12 F. Supp. 920 | N.D. Cal. | 1935
This is a suit in equity brought by the plaintiffs, Arrow Stevedore Company and Fireman’s Fund Insurance Company, to vacate and set aside an order made by the defendant Warren H. Pillsbury, Deputy Commissioner for the Thirteenth Compensation District under the Longshoremen’s and Harbor Workers’ Compensation Act, awarding certain additional compensation to defendant George Max, an employee of the stevedore company. Plaintiffs also pray that the payment of the additional compensation be stayed pending the final decision of this cause.
Defendants moved to dismiss the plaintiffs’ bill of complaint. The facts are not in dispute. The question involved is: When an employer appeals within thirty days from a compensation award under the Longshoremen’s and Harbor Workers’ Compensation Act (33 U.S.C.A. § 901 et seq.), but fails to make a prescribed payment within ten days’ notice of the award, is it necessary for him within ten days of the notice of the award to apply for an interlocutory injunction staying payment, in order to avoid liability for 20 per cent, additional compensation assessed when the basic award is not paid within ten days?
Although this precise issue has never arisen in the reported cases, it seems reasonable to hold that the appealing employer must pay the compensation award within ten days or incur liability for the 20 per cent, additional award.. If he applies within ten days for an injunction which is granted, payments will be stayed, but only from the date the injunction issues. Any installments of the award due before the injunction issues must be paid. Thus, if the employer refuses to pay the award within ten days, his means of avoiding the added compensation will be to apply for and obtain the interlocutory injunction within the ten day period.
Section 14 (f) of the Act (33 U.S.C.A. § 914 (f) provides:
“If any compensation, payable under the terms of an award, is not paid within ten days after it becomes due, there shall be added to such unpaid compensation an amount equal to 20 percentum thereof, which shall be paid at the same time as but in addition to such compensation, unless review of the compensation order making such award is had as provided in section twenty-one of this Act [section 921 of this chapter].”
Section 21 (33 U.S.C.A. § 921) in turn states:
“(a) A compensation order shall become effective when filed in the office of the deputy commissioner as provided in section nineteen of this Act [section 919 of this chapter], and, unless proceedings for the suspension or setting aside
“(b) If not in accordance with law, a compensation order may be suspended or set aside, in whole or in part. * * * The payment of the amounts required by an award shall not be stayed pending final decision in any such proceeding unless upon application for an interlocutory injunction the court, on hearing * * * allows the stay of such payments, in whole or in- part, where irreparable damage would otherwise ensue to the employer.”

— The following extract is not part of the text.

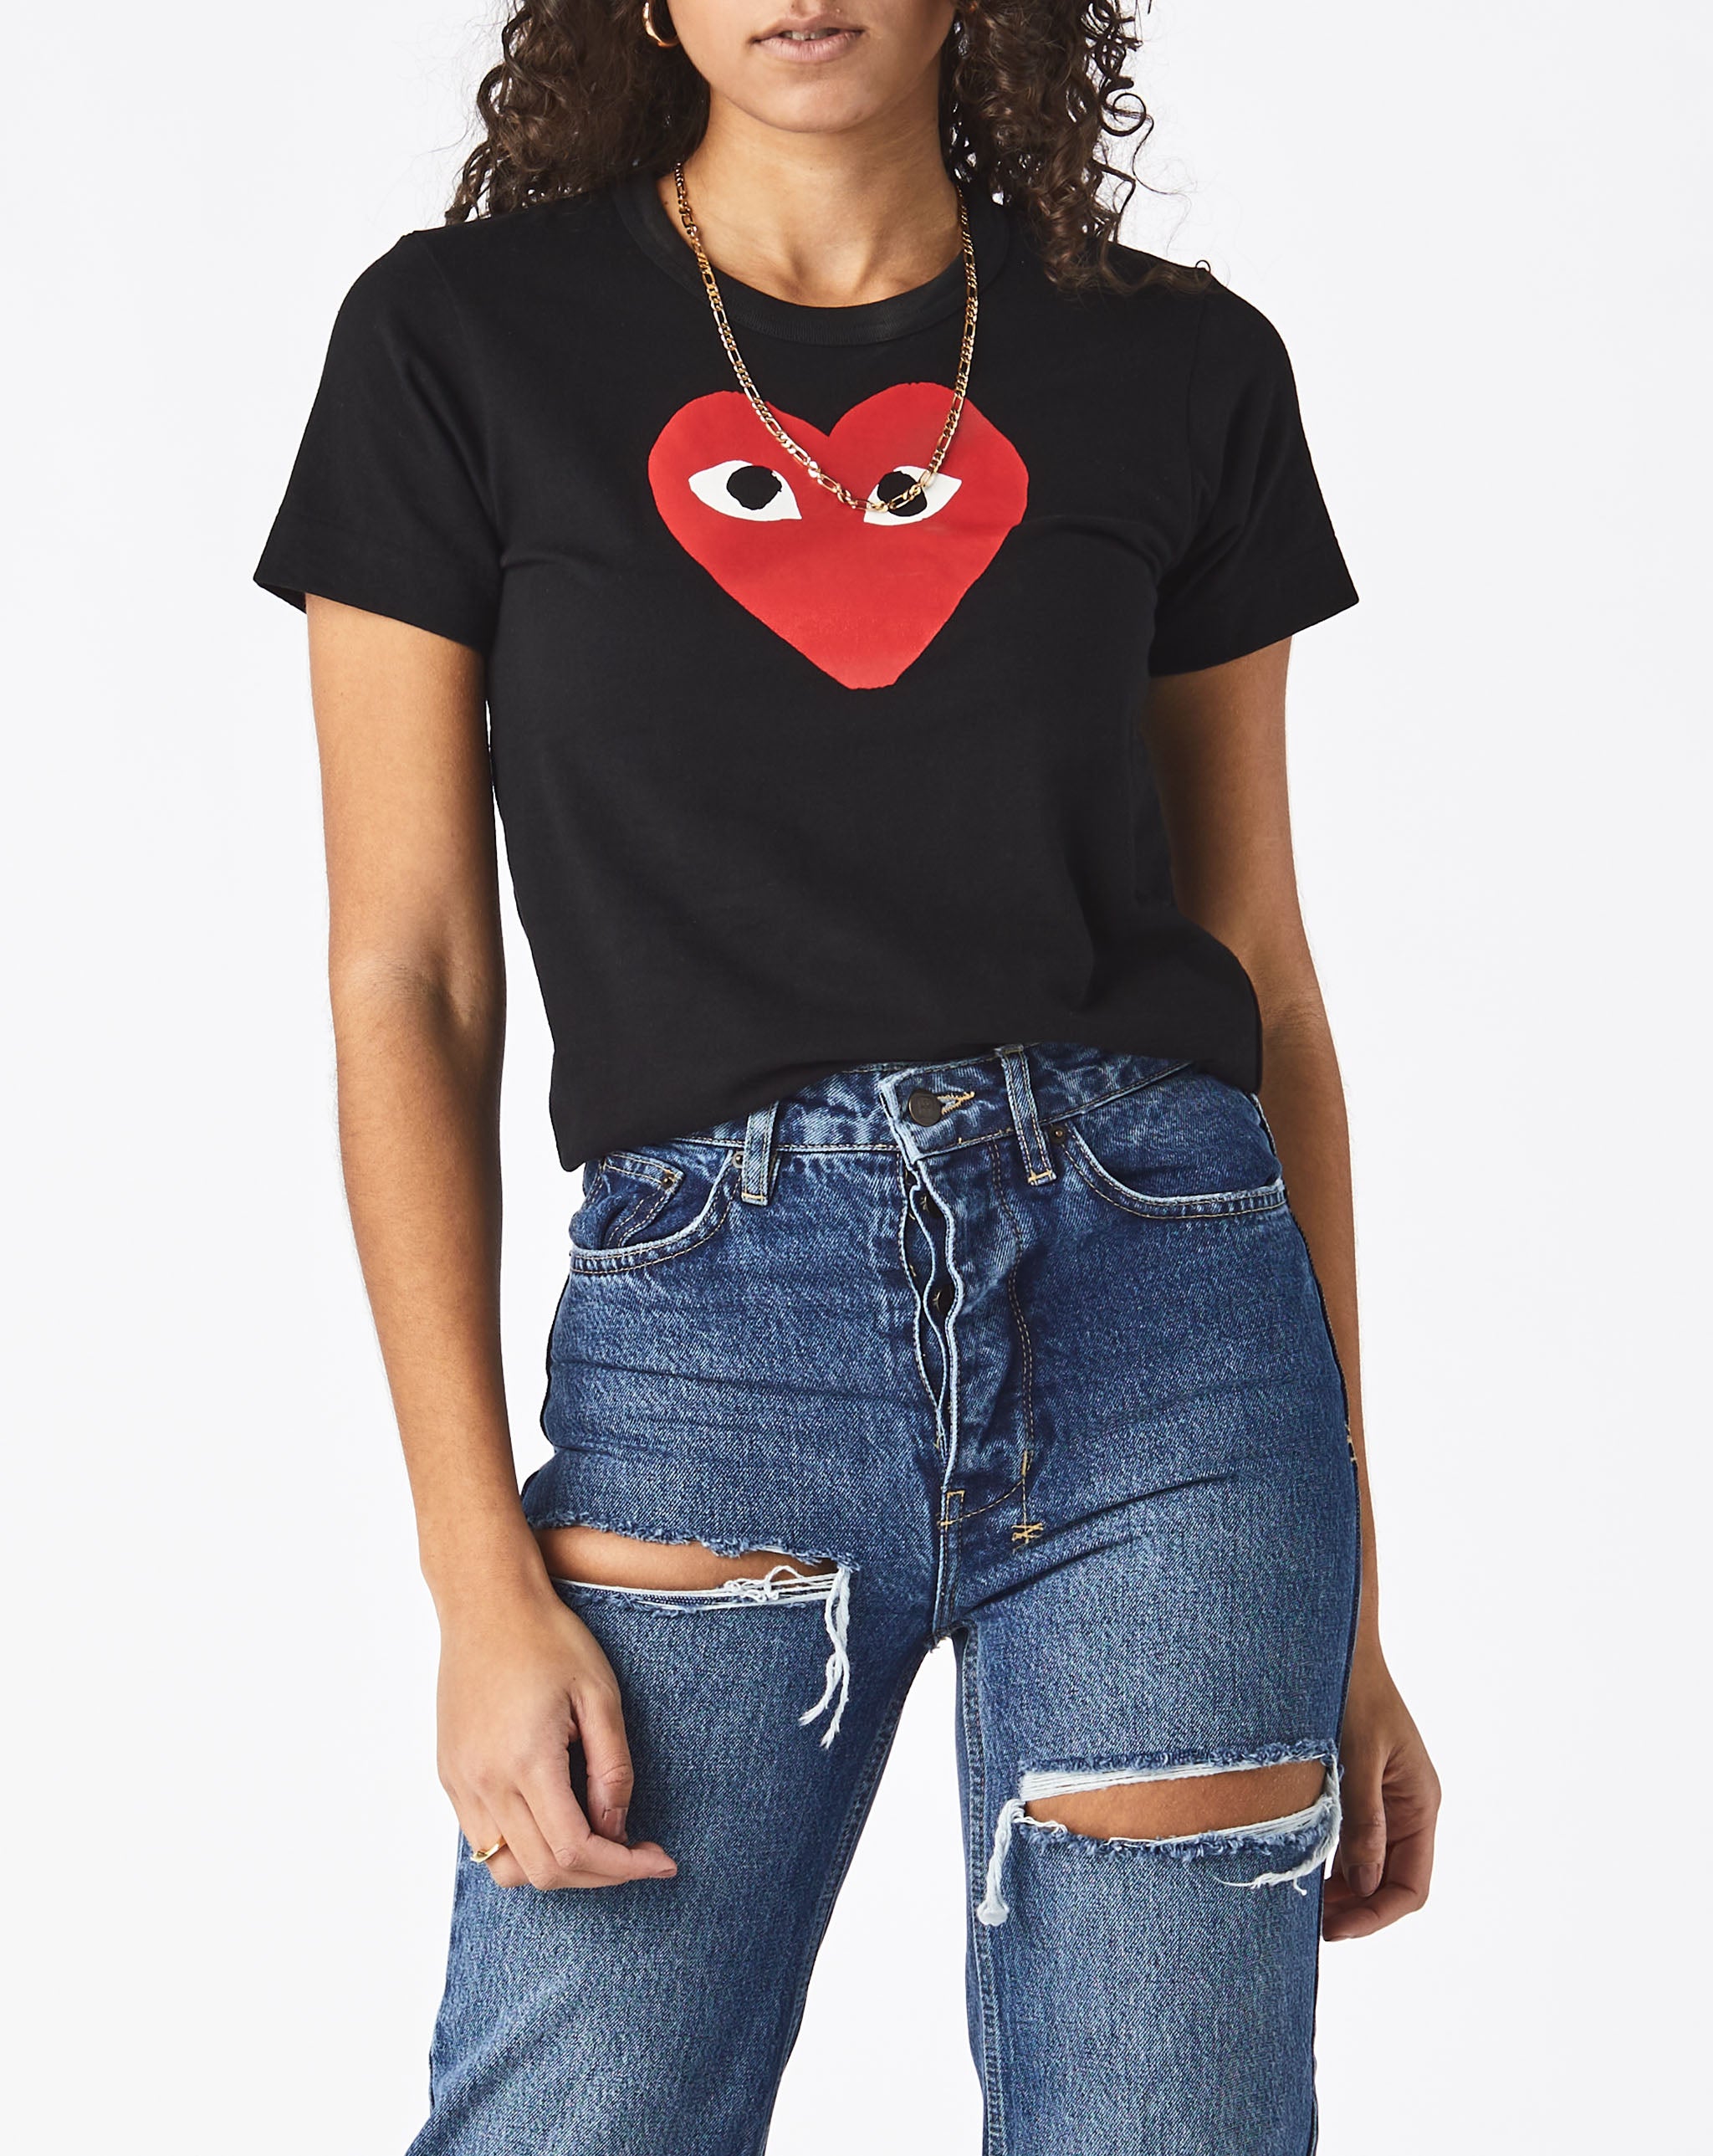 Womens Double Camo Heart T-Shirt Women's Play T-Shirt  - Cheap Urlfreeze Jordan outlet

If no appeal is taken and the award is paid after ten days but within thirty days (the period allowable for appeal), the 20 per cent. additional compensation must be paid. Twine v. Locke (D.C.) 3 F.Supp. 1012, affirmed (C.C.A.) 68 F.(2d) 712. That case held that “becoming due” as. used in section 14 (f) (33 U.S.C.A. § 914 (f) means the same as “effective” under section 21 (a) (33 U.S.C.A. § 921 (a), but neither term signifies “final” as utilized in section 21 (a). It is noted that Twine v. Locke is not absolutely controlling as to the meaning of the above language in the instant case because here an appeal was taken. However, it is highly persuasive authority, and the words should have the identical meanings even where an appeal is taken.
It appears from the express wording of the last sentence of section 21 (b), 33 U.S.C.A. § 921 (b), that in no case can payments be stayed unless an interlocutory injunction is obtained, regardless of whether or not an appeal is perfected. In fact, if, as plaintiffs contend, an appeal within .thirty days automatically stayed payments, the interlocutory injunction provision of the act would be practically meaningless. Congress cannot be presumed to have intended such a result.

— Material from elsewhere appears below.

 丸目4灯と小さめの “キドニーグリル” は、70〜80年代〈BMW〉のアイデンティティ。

The reference of section 14 (f) to re-, views “as provided in section twenty-one [section 921 of this chapter]” does not mean merely the instigation of an appeal, as plaintiffs contend. The proceedings under section 21 must be taken in their entirety. Viewed in such a light, it is plain that the review includes an interlocutory injunction if the payments are to be excused pending final disposition on appeal.
Such a result is consistent with the intent of the act which is designed to afford quick redress to the employee. As was said in Twine v. Locke, 3 F.Supp. at page 1012, 1013: “Therefore without appeal the defendants could have paid the award, within 10 days, without penalty. If they desired to take an additional 20 days, the additional payment of 20 per centum must be added. After 30 days plaintiff could compel payment. All of this makes for prompt relief of the kw jured party.” (Italics inserted.)
In this case, although plaintiffs appealed within thirty days, they did not start paying, the award until after ten days had expired; neither did they apply for the interlocutory injunction within the same period. Hence, the deputy commissioner was fully justified in awarding the additional compensation. In fact, the additional award was not a matter of discretion, but a duty.
Therefore, the defendants’ motion to dismiss the plaintiffs’ bill of complaint will be granted.